Create an empty project
in the hillview folder, and then import three modules (from File/Project structure/Modules,
add three modules: web/pom.xml, platform/pom.xml, and the root folder hillview itself).

## 4.5. Setup VS Code

Download and install Visual Studio Code: https://code.visualstudio.com/download.
Here is a step-by-step guide to add the necessary extensions, run Maven commands, and attach a debugger:

1. Install these extensions and then restart the VS Code.
	- `Java Extension Pack`: installs 6 important Java extensions at once.
	- `JavaScript and TypeScript Nightly`: enables JavaScript and TypeScript IntelliSense.
	- `Language Support for Java(TM) by Red Hat
redhat.java`: recognize projects with Maven or Gradle build in the directory hierarchy.
	- `Maven for Java`: provides a project explorer and shortcuts to execute Maven commands.
2. Select `Add workspace folder...` at the Welcome page, then choose `hillview/platform/` directory. The platform module should be displayed in the `Explorer` view.
3. Add `web` module to the workspace by clicking `File`->`Add Folder to Workspace...` and then choose `hillview/web/` directory.
4. Save the workspace by clicking `File`->`Save Workspace As...` and store it in your personal folder outside `hillview/` root directory.
5. Next, about executing Maven commands; in the `Explorer` view, click `MAVEN PROJECTS`. There are two Maven folders correspond to `web` and `platform` modules;
   click those folders to expand and display the Maven pom files. The Maven commands will be displayed by right clicking the pom files.
6. Finally, about attaching a debugger:
	- Bring up the `Run` view, select the `Run` icon in the `Activity Bar` on the left side of VS Code.
	- From the `Run` view, click `create a launch.json file`, you will see the `platform` and `web` modules listed. We will create two `launch.json` files, one for `platform` module and the other for `web` module.
	- When configuring the `launch.json` for `platform` module, you must select `Java` option. Otherwise, choose `Chrome (preview)` option when configuring the `web` module.

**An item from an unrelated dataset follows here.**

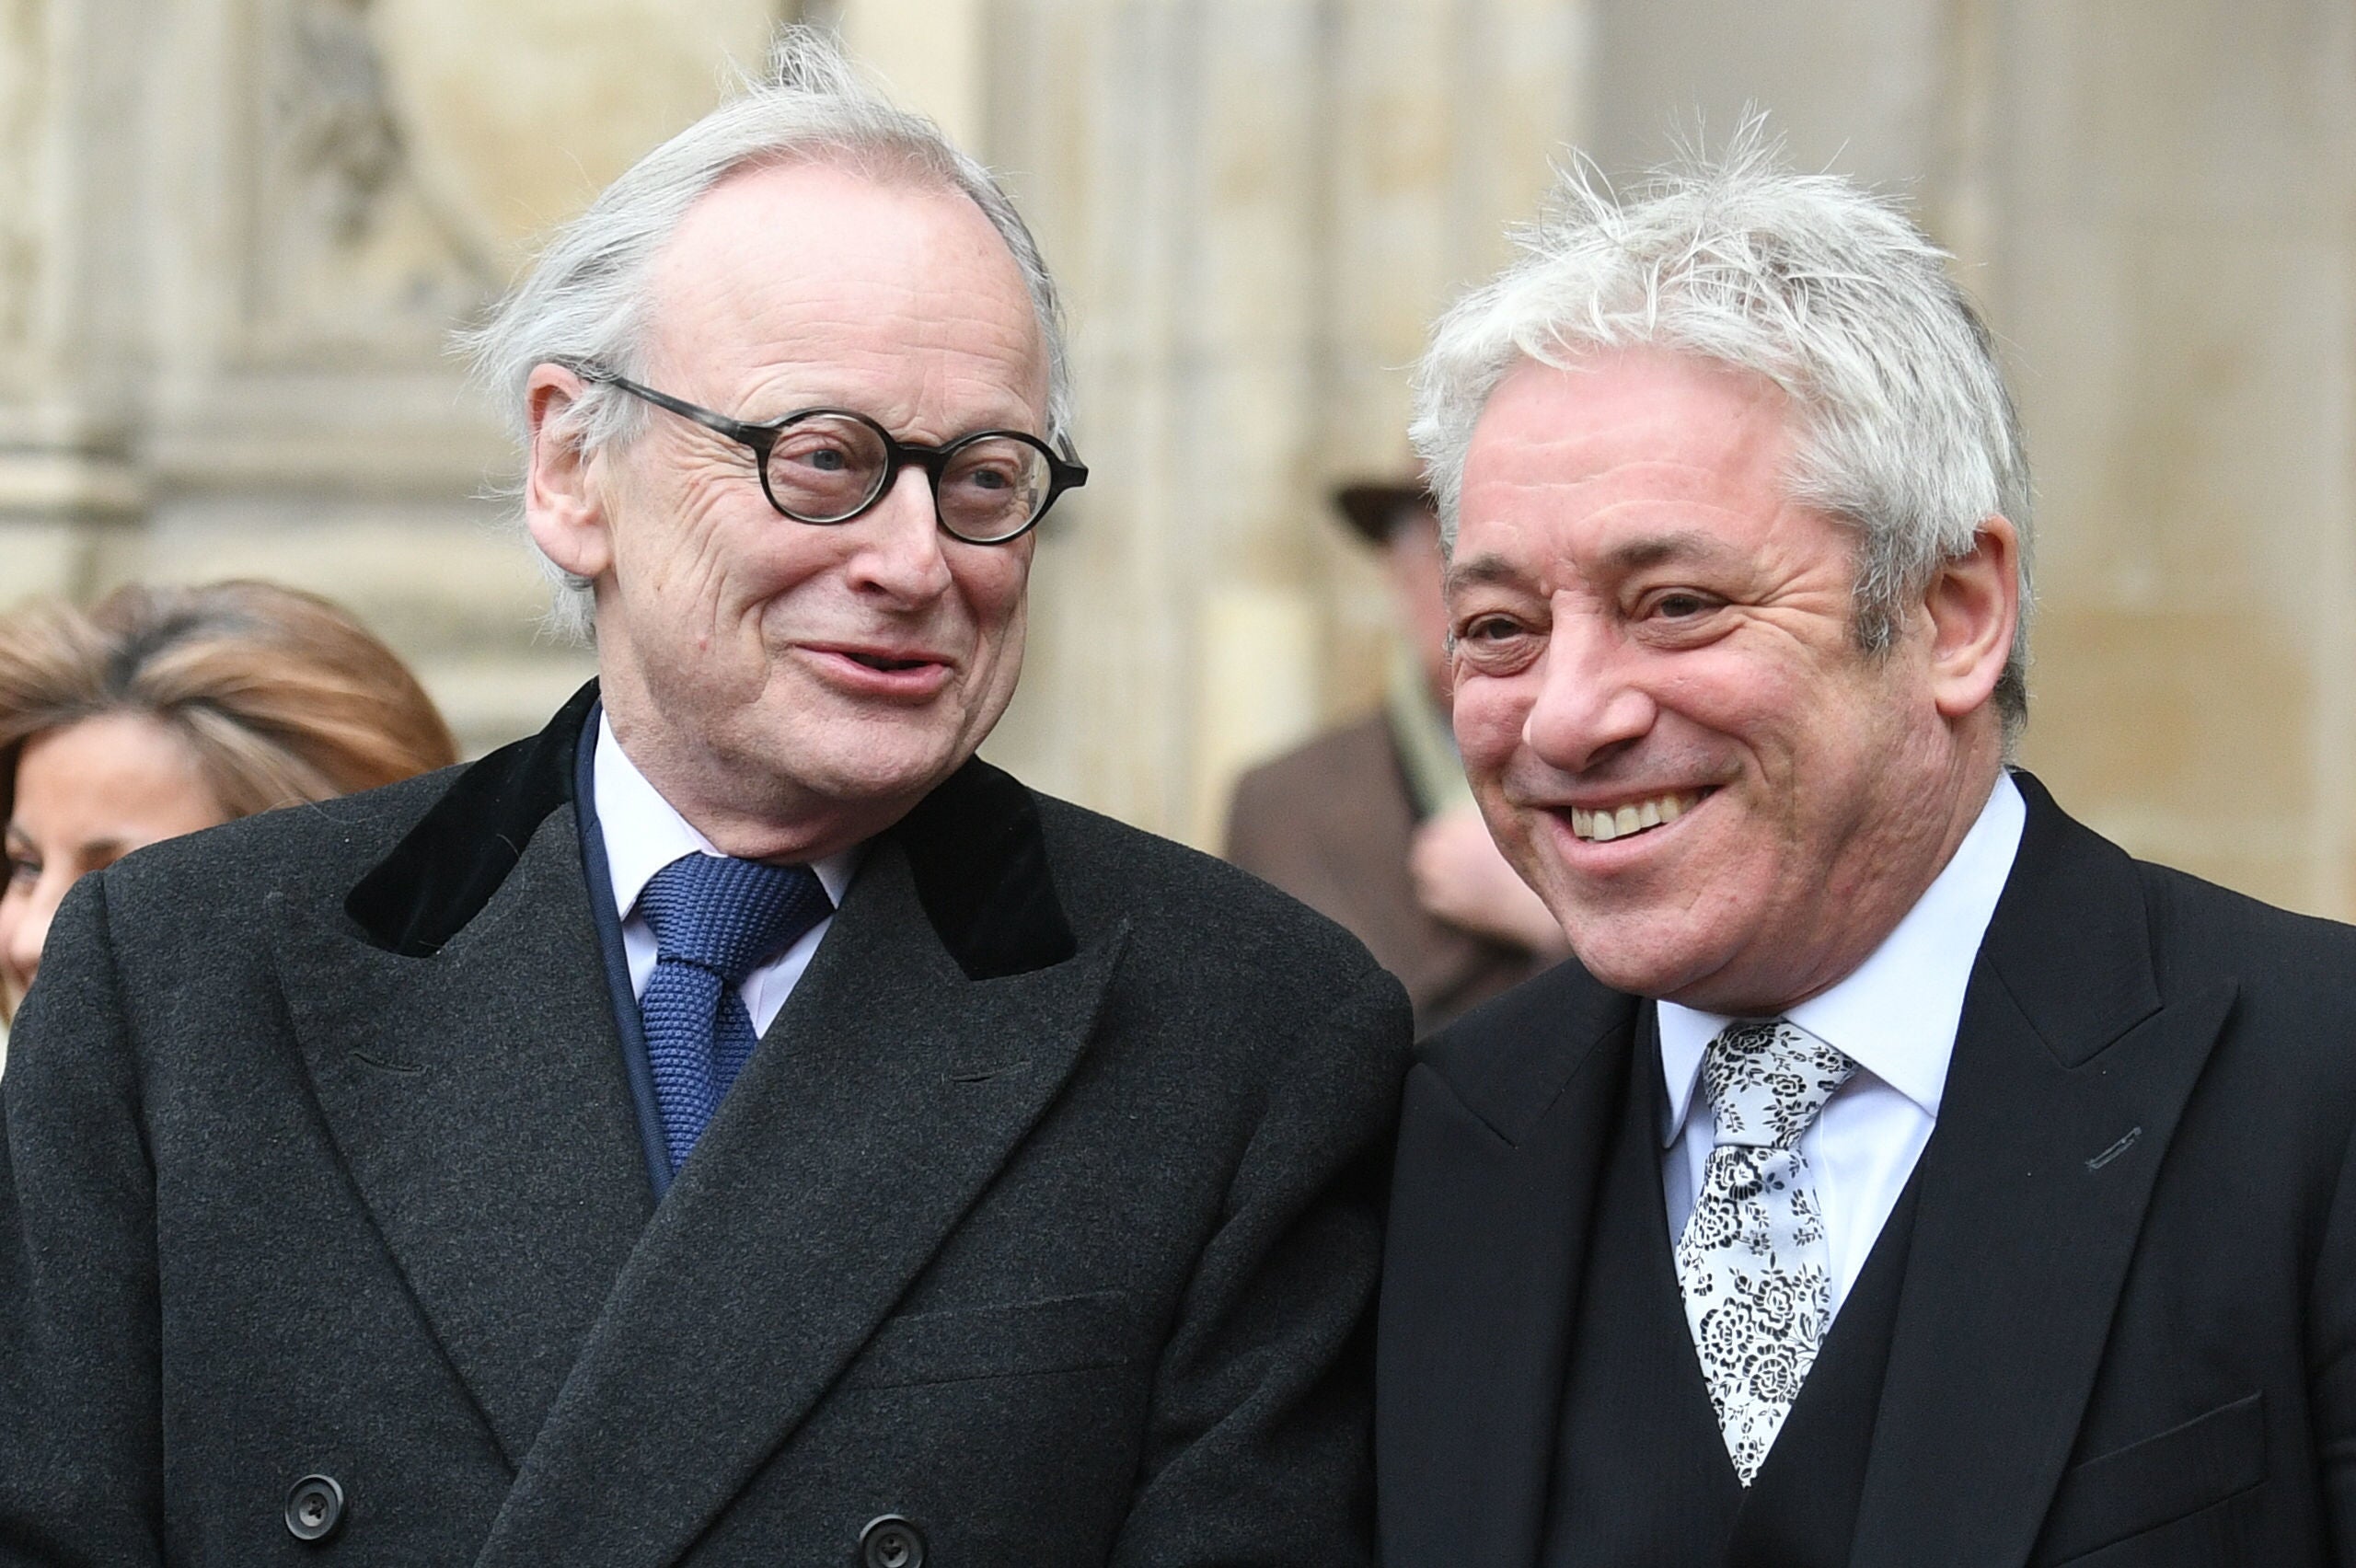 Lord Deben (left) with former Commons speaker John Bercow. Only one of them is an ex-Conservative

Then, delete the auto generated `configurations`
	and specify the correct configuration to attach the debugger. The important fields are `url`, `hostname`, `port`, and `request`. More about this is here
	[VS Code Debugging#launch-configuration](https://code.visualstudio.com/docs/editor/debugging#_launch-configurations) and [VS Code#Java-Debugging](https://code.visualstudio.com/docs/java/java-debugging#_attach).

## 4.6 Debugging

Debugging on a single machine can done as follows:
- you can start the back-end service under the debugger,
  by starting the HillviewBackend binary with command-line arguments 127.0.0.1:3569
- you can start the front-end service by attaching
  to the Java process created by Java Tomcat.  The frontend-start.sh
  script has a line that sets up the environment variables to enable this.

## 4.7. Running the tests

* The unit tests are run by building with maven or by running `bin/rebuild.sh -t`.
* The UI tests are run by starting Hillview on a local machine and
then clicking the "Test/Run" menu button.

## 4.8. Using git to contribute

Fork the repository using the "fork" button on github, by following these instructions:
https://help.github.com/articles/fork-a-repo/

Here is a step-by-step guide to submitting contributions:

1. Create a new branch for each fix; give it a nice suggestive name:
   - `git branch yourBranchName`
   - `git checkout yourBranchName`
2. `git add <files that changed>`
3. `git commit -m "Description of commit"`
4. `git fetch upstream`
5. `git rebase upstream/master`
6. Resolve conflicts, if any
   (rebase won't work if you don't; as you find conflicts you will need
    to `git add` the files you have merged, and then you may need to use
    `git rebase --continue` or `git rebase --skip`)
7. Test, analyze merged version.
8. `git push -f origin yourBranchName`.
9. Create a pull request to merge your new branch into master (using the web ui).
10. Delete your branch after the merging has been done `git branch -D yourBranchName`

## 4.9. Guidance in writing code

* Use the IntelliJ code inspection feature (Analyze/Inspect code).

* The pseudorandom generator is implemented in the class
  [Randomness.java](platform/src/main/java/org/hillview/utils/Randomness.java) and uses Mersenne Twister.  Do not use the
  Java `Random`.

* By default all pointers are assumed to be non-null; use the
  `@Nullable` annotation (from javax.annotation) for all pointers which
  can be null.  Use `Converters.checkNull` to cast a @Nullable pointer to a
  non-null pointer.

* Some code executes on multiple machines or in multiple threads.  In particular,
  all classes that derive from `IMap` or `ISketch` should be immutable.